Eternal Flame: A Rose of Anzio StoryEternal Flame: A Rose of Anzio Story by Alexa Kang

My rating: 5 of 5 stars

This story is a YA, romance, time-travel, historical fiction. And I love the premise: a soldier from 1944 and a teenage-girl from 1989 in love!

I don’t read many time-travel stories, but time travel is something that intrigues me, so I went into this novel expecting to enjoy it, and I did.

The protagonist is 16-year-old Julia Olsen, who lives in a suburb of Chicago, and is pretty much just skimming by in life, like most teenagers. Coming off a bad breakup, she’s spending her time reading teen magazines, obsessing over why Trey (her ex) dumped her, and watching her grades slip. Her family recently moved into a new old house, and among the furniture left in the residence is a New Hampshire clock in Julia’s room. She can’t wait to be rid of the clock (and the other old furniture in her room) and get some new Ikea models.

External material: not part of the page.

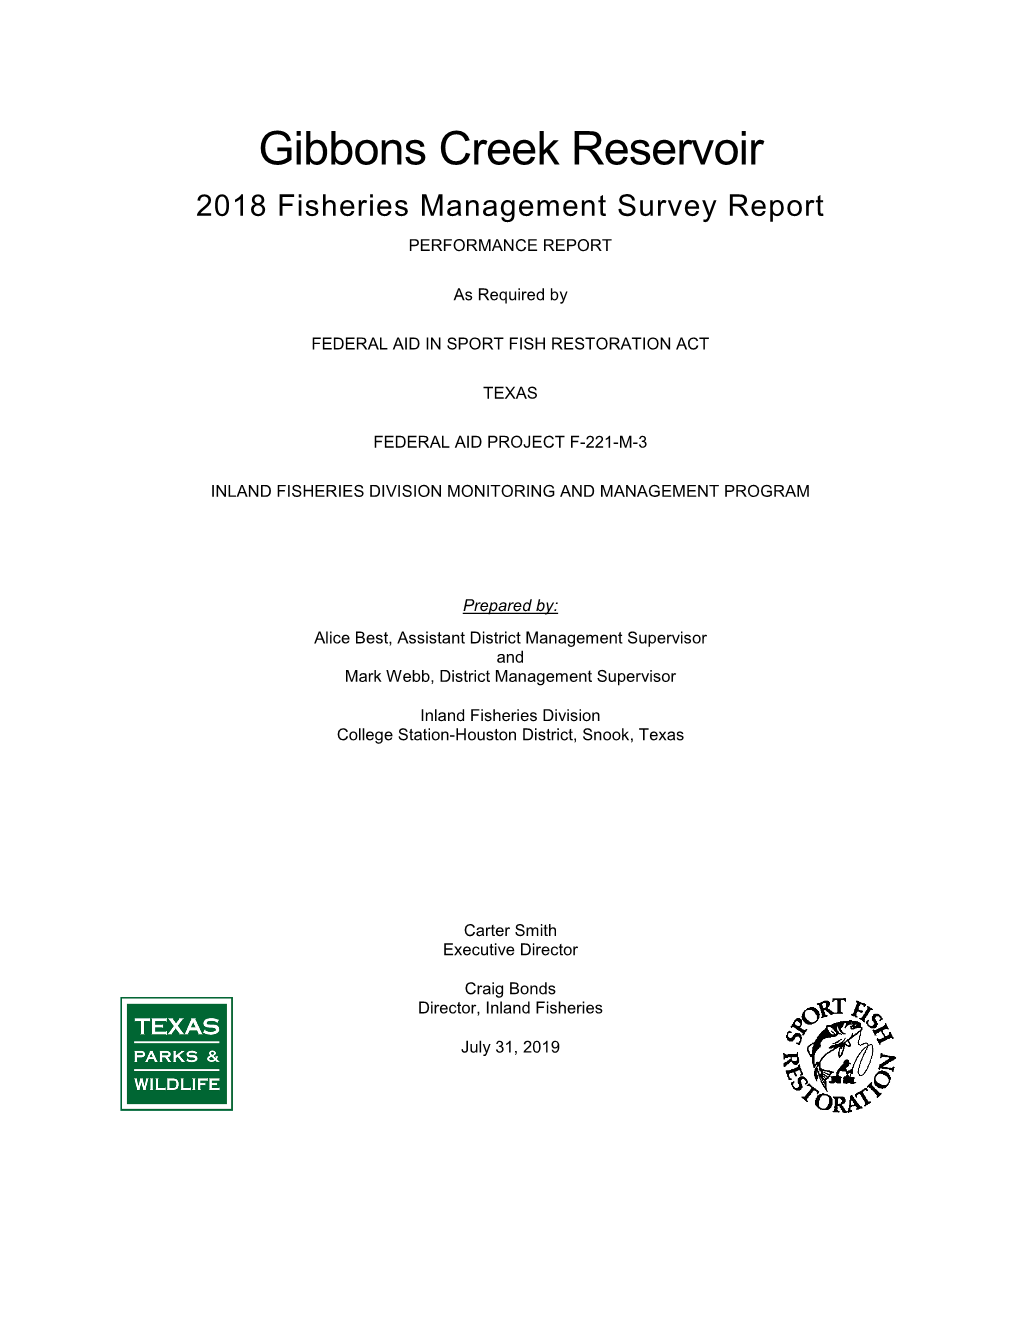 Gibbons Creek Reservoir 2018 Survey Report
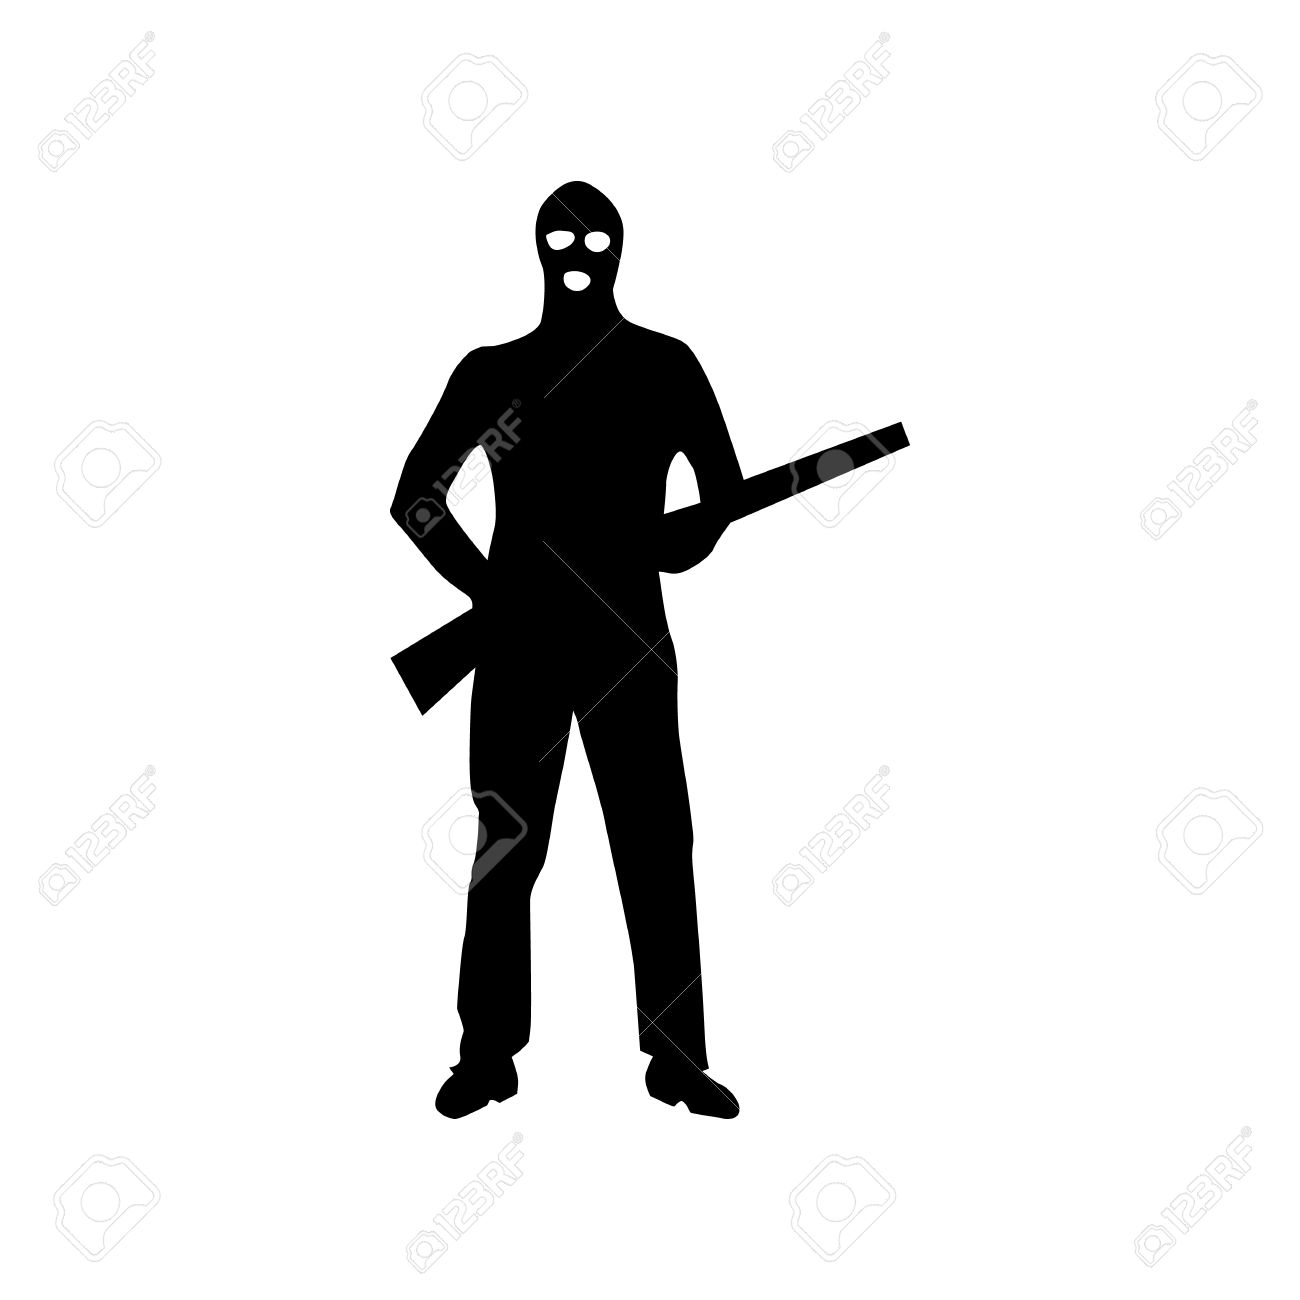 Robber silhouette black

She winds the clock in her boredom, goes to sleep, and wakes to a young man in her bed–a soldier from World War II! Alarmed, she runs from her room to alert her parents, but when she returns, he’s no where in sight. When the young man returns, things get interesting. It doesn’t take long for them to realize that time travel is at play, and it involves the New Hampshire clock. The soldier tells Julia his name–Edmond Ferris, although he goes by Ed.

Before long, Julia and Ed strike up a friendship, and as the holidays approach, they fall in love. Julia not only falls in love with this handsome, brave soldier who’s putting his life on the line (Ed returns to his time and comes back to 1989 several times), but she starts feeling a confidence in herself she hadn’t in a long time.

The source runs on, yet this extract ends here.